Following are some of the salient features of the recommendations:

  1. Constitution of a DNA Profiling Board, a statutory body to undertake functions such as laying down procedures and standards to establish DNA laboratories and grant accreditation to such laboratories; and advising the concerned ministries/departments of the Central and state governments on issues relating to DNA laboratories. The Board shall also be responsible for supervising, monitoring, inspecting and assessing the laboratories. The Board will frame guidelines for training of the police and other investigating agencies dealing with DNA-related matters. Advising on all ethical and human rights issues relating to DNA testing in consonance with international guidelines will be another function of the Board. It will recommend research and development activities in DNA testing and related issues, etc.
  2. DNA profiling would be undertaken exclusively for identification of a person and would not be used to extract any other information.
  3. There shall be a National DNA Data Bank, and Regional DNA Data Banks for the states, to be established by the Central government.
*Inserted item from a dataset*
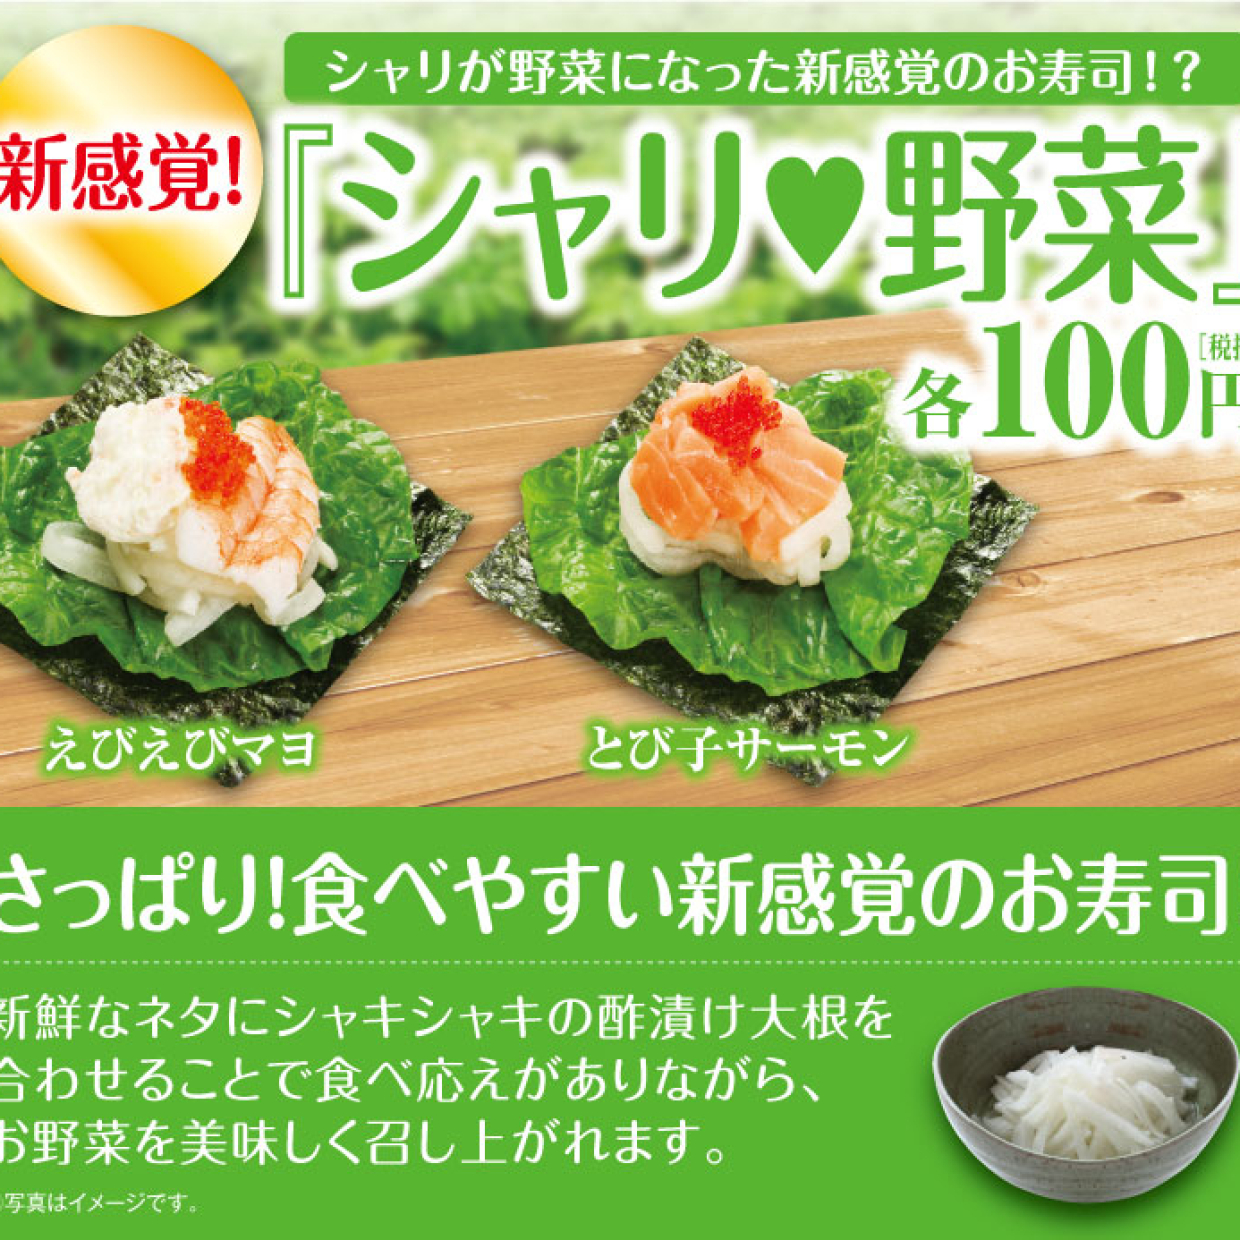  シャリが野菜！？【くら寿司】の低糖質メニューが予想の斜め上すぎるものだった！ 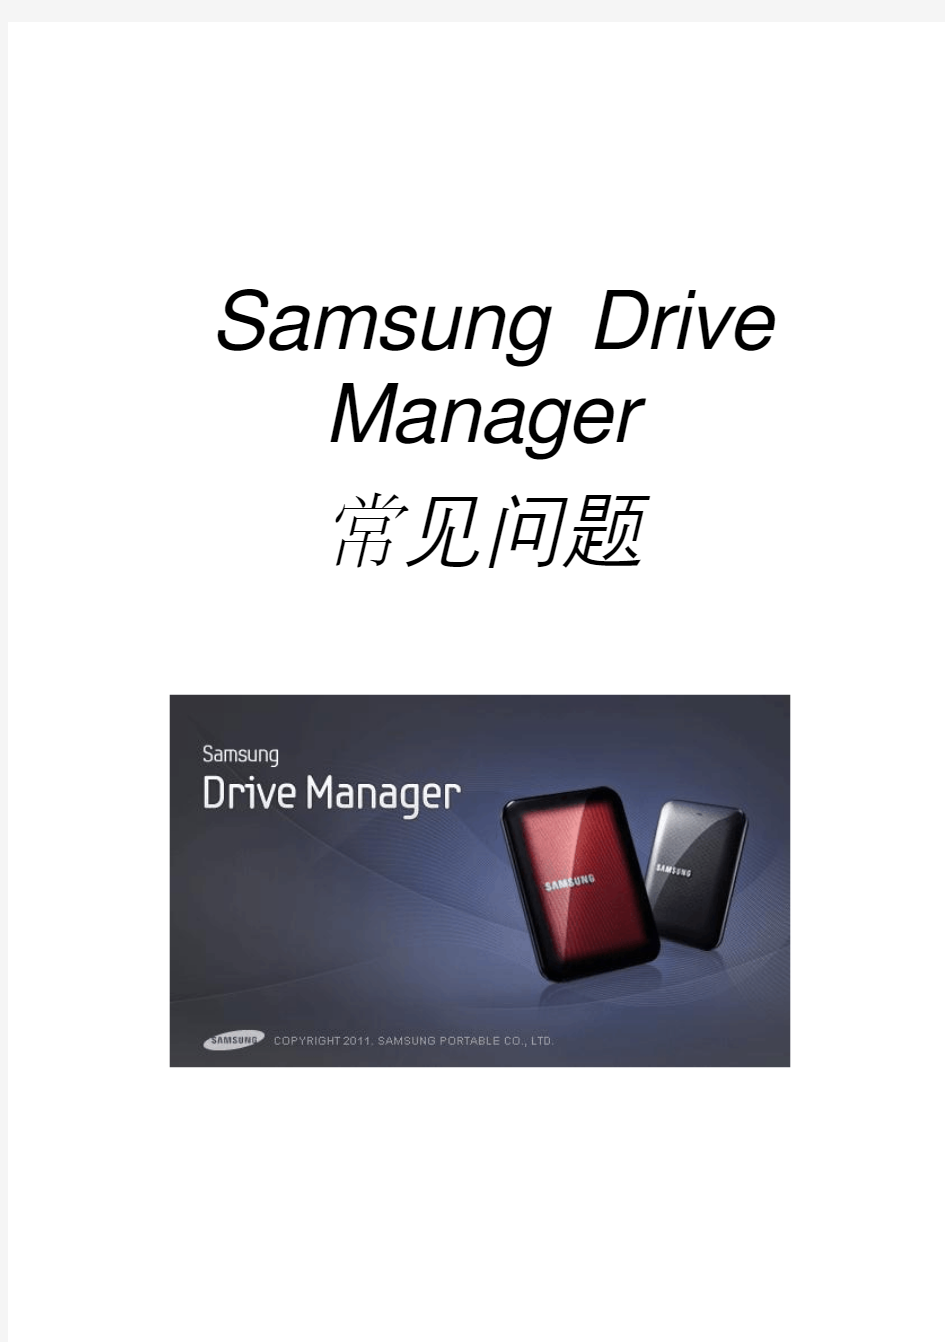 三星移动硬盘M3中文版使用手册(2)CHS_Samsung Drive Manager User's Manual Ver 2.7 (1)

The data banks will be responsible for storing DNA profiles received from the accredited laboratories and maintaining certain indices for various categories of data, like crime scene index, suspects’ index, offenders’ index, missing persons’ index and unknown deceased persons’ index.
  4. With a view to assist the kith and kin of missing persons, provisions have been made for proper identification of missing persons on the basis of their bodily samples/substances.
  5. Appropriate regulations may be notified by the Board for entry, retention and expunction of DNA profiles.
  6. Maintenance of strict confidentiality with regard to keeping of records of DNA profiles and their use.
  7. Sharing of DNA profiles with and by a foreign government or government organisation or government institutions or any of its agencies, for the purpose of this Act.
  8. The violators of the provisions would be liable for punishment of imprisonment, which may extend up to three years and also fine which may extend up to Rs.2 lakhs.
  9. The under trial may request the trial court for another DNA testing if s/he satisfies the court that the previous DNA sample(s)/bodily substance(s) stood contaminated and hence could not be relied upon.
  10. The DNA experts may be specified as government scientific experts and be notified as such under clause (g) of sub-section (4) of section 293 of Cr. P.C.